2. Description of the Prior Art
A background noise generating system has been disclosed in for example JPA 7-336290 titled “VOX Controlled Communication Apparatus (translated title)”. Next, with reference to FIGS. 1 and 2, the related art reference will be described in brief.
FIG. 1 is a block diagram showing the structure of the apparatus according to the related art reference. FIG. 2 is a flow chart showing the operation of the apparatus according to the related art reference.
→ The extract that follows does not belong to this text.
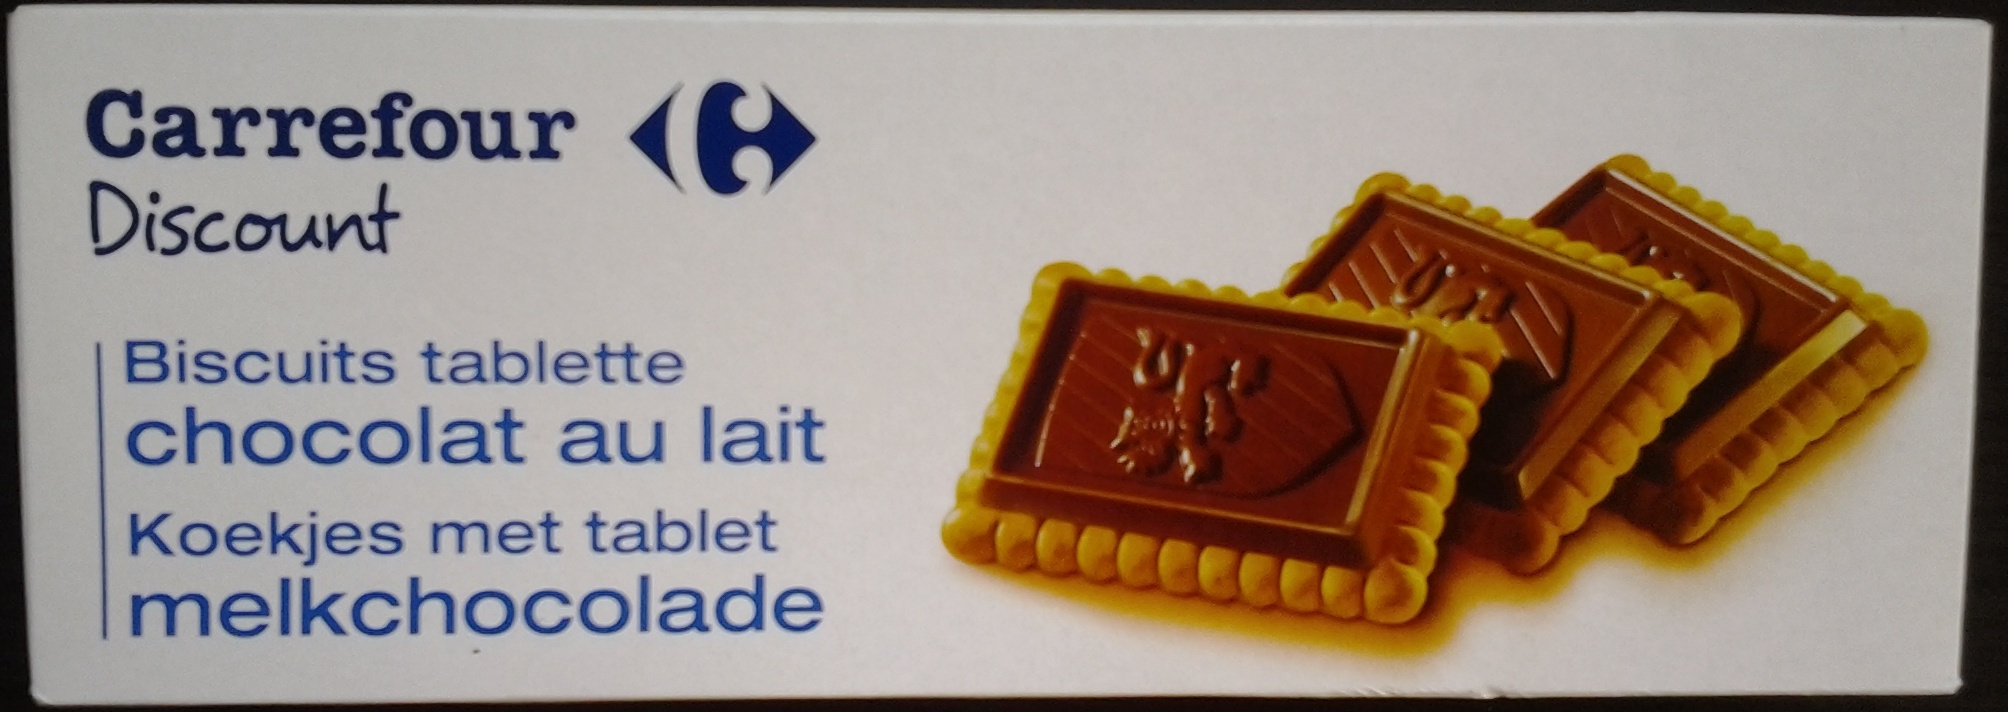 Biscuits tablette chocolat au lait - Producto - fr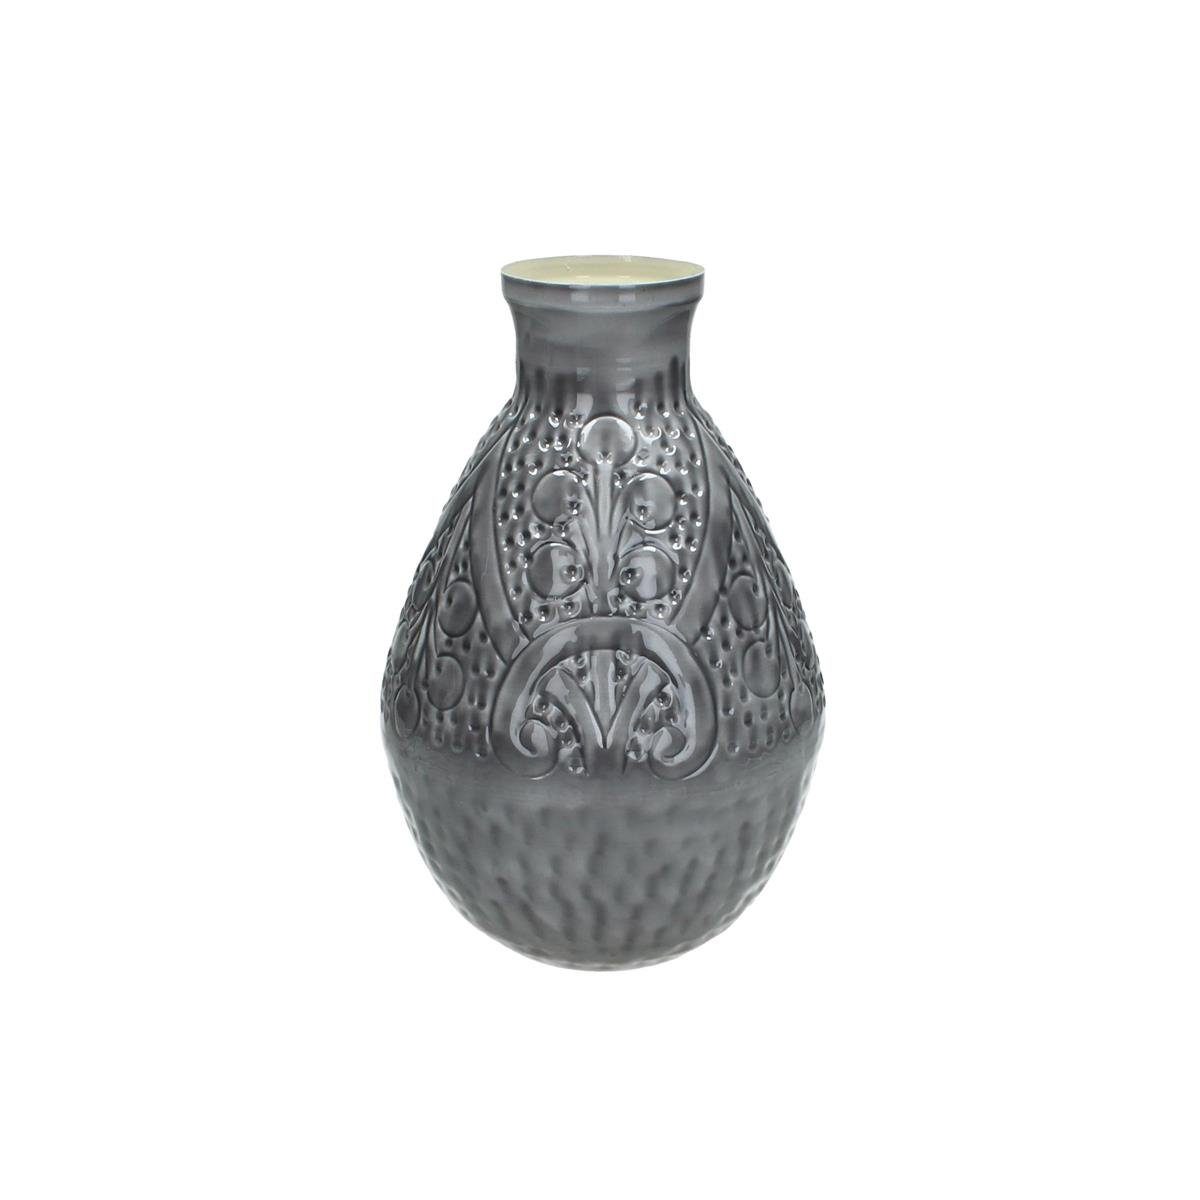 Metall Hochwertiger Vase Set, 20x20x31cm (kein Set) Grau Engelnburg 1er Engelnburg Dekovase

As shown in FIG. 1, the apparatus according to the related art reference comprises a voice signal input terminal 610, a frame dividing portion 620, a voice presence state detecting portion 630, a controlling portion 640, a highly efficient voice encoding portion 650, a switch 660, and an encoded signal output terminal 670. The voice presence state detecting portion 630 comprises a frame energy calculating portion 631 and a voice presence/absence state determining portion 632.
Next, the overall operation of the apparatus according to the related art reference will be described in brief.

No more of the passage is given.